Qaraqat Äbden for President 2022
- Campaign: 2022 Kazakh presidential election
- Candidate: Qaraqat Äbden Member of the Nur-Sultan City Mäslihat (2016–2021)
- Affiliation: KÄQŪA
- Status: Announced 7 October 2022 Official nominee 7 October 2022 Lost election 21 November 2022
- Headquarters: Astana
- Key people: Berik Törebekov (deputy chief of staff)

Website
- abden.kz

= Qaraqat Äbden 2022 presidential campaign =

2022 Presidential Campaign in Kazakhstan

On 7 October 2022, Qaraqat Äbden's campaign was formed after she received a presidential nomination by the National Alliance of Professional Social Workers (KÄQŪA). The following day on 8 October, Äbden submitted her documents to the Central Election Commission (CEC) to officially run for election. She then participated through a series of qualifications beginning with the Kazakh language exam on 10 October conducted by the linguistic commission which declared her as fluent. After having her compliancy established by the CEC on 11 October, Äbden collected a total of 121,314 signatures by 19 October for campaign support and in result, she received a registration certificate by the CEC, this allowing her to appear on the ballot.

== Background ==

=== Nomination ===
The National Alliance of Professional Social Workers (KÄQŪA) public association held its general meeting on 7 October 2022 in Astana, from where Qaraqat Äbden, member of the National Commission for Women Affairs and Family and Demographic Policy under the President and chairwoman of the Qazaq Qyzy public association, was nominated as a first female candidate for the 2022 presidential election in order to "achieve and promote the goals and objectives" of the KÄQŪA as well as raising a national issue and protecting interests of socially vulnerable Kazakh citizens.

=== Registration ===
On 8 October 2022, Äbden submitted a list of necessary documents to the Central Election Commission (CEC) and underwent a state language exam for her knowledge in Kazakh on 10 October to which the linguistic commission unanimously found her fluent in. The CEC on the following day of 11 October announced that Äbden meet all requirements to participate in the race, thus setting stage for signature collection to which a total of 121,314 from all 15 regions of Kazakhstan were submitted to the CEC on 19 October, with 118,418 of them being deemed as valid.

== Campaign ==
At 18:00 UTC+06:00 on 21 October 2022, Äbden's republican campaign headquarters began operating with the first meeting of the organising committee being held. According to Berik Törebekov, the campaign would be held in all regions of Kazakhstan via in-person and remotely.

=== Structure ===
The republican campaign headquarters for Äbden operated its branches in 20 regions of Kazakhstan with its main office in Astana consisting of 10 workers.

== Election program ==
In her campaign website, Äbden's election programme included a series of measures in terms of national values, improving standard of living, and the formation of "The main wealth of the state is a person” (Мемлекеттің басты байлығы — адам) position that she would implement if elected as president:

Family policies

- Develop and introduce a school curriculum on the spiritual development of the younger generation in the best traditions of national family education;
- Introduce a system of cash certificates for housing or rent payments of apartments for a certain period;
- Lawfully require employers to include bonus support for young families in corporate workplaces;
- Lower requirements in rewarding mothers with many children;
- Recognising housewife raising children as an "employee" during her length of service;
- Automate process of child enrollment to nearby kindergarten and schools;
- Radical digitalisation for social assistance benefits application;
- Compensation for mothers with many children in areas with lack of communication and infrastructure.

Child support measures

- Develop separate program in subsidising children free additional education and expanding free organisations of communication between schoolchildren and college students;
- Improving construction of educational facilities to correlate with growing population;
- Creating a system in supporting children of abilities and talents through clubs and sections along with state program prepping mentors;
- Unified system of assistance to children with rare diseases;
- Obliging kindergartens and schools seeing every child and taking care of them.

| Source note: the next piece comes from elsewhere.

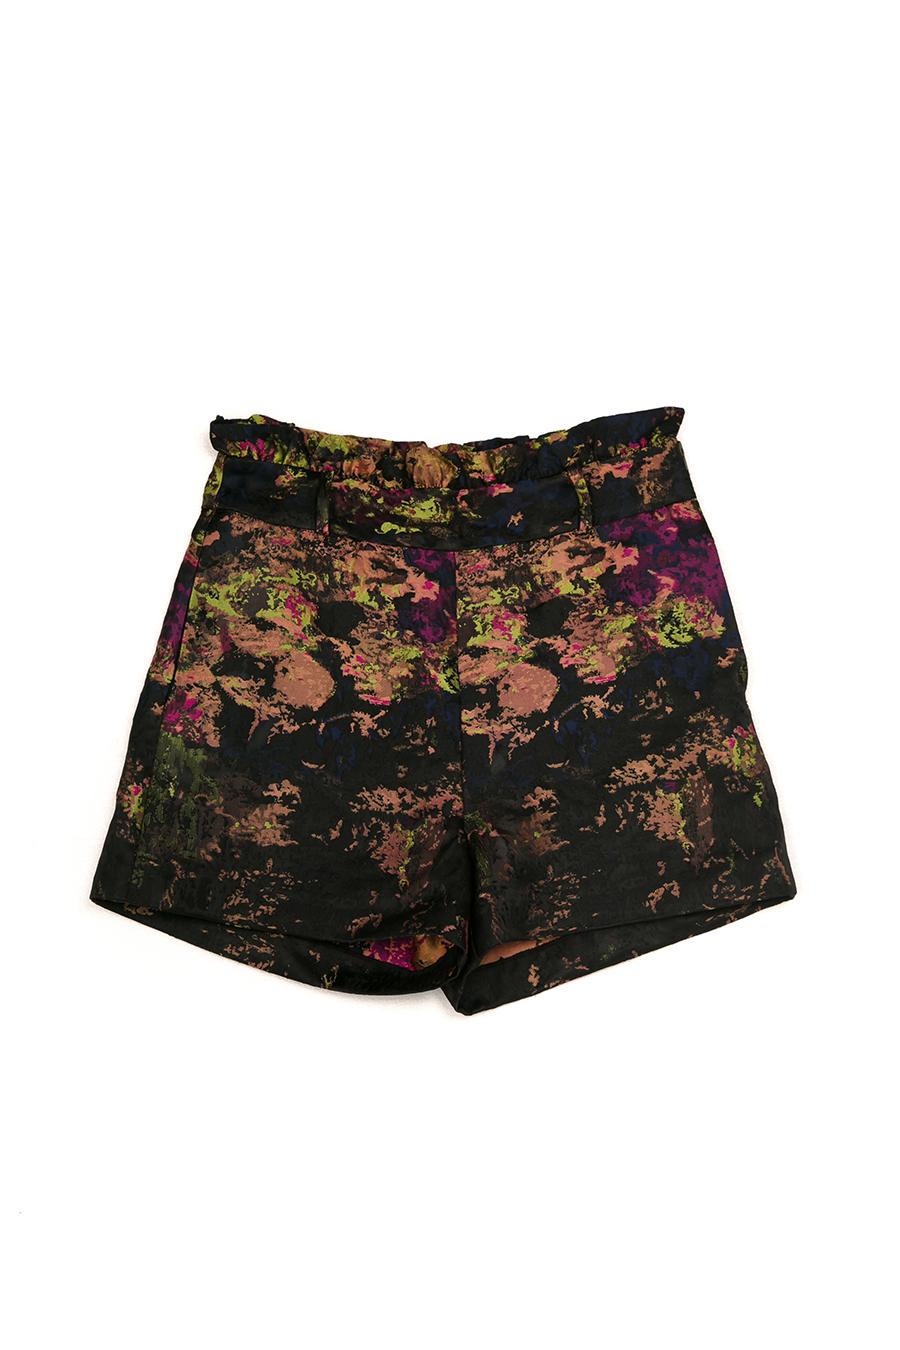 TIMIC shorts pic

Assistance to young adults

- Providing free education to all students and attendees;
- Scholarship payments tied with salary system;
- Increasing cooperation between the educational institutions and the workplace enterprises as well as ensuring skilled trade education;
- Creation of a national-patriotic youth clubs with the involvement of representatives by the older generation;
- Opening supporting centres for harmonious development of girls.

Assistance to elderly

- Development of a program to allow senior retirees to travel around Kazakhstan at discounted rates;
- Grant program for the organising joint leisure "Meeting of Generations" events;
- Friendly designed infrastructure for walking and recreation of elderly people;
- Developing complex system of treatment and rehabilitation of elderly people.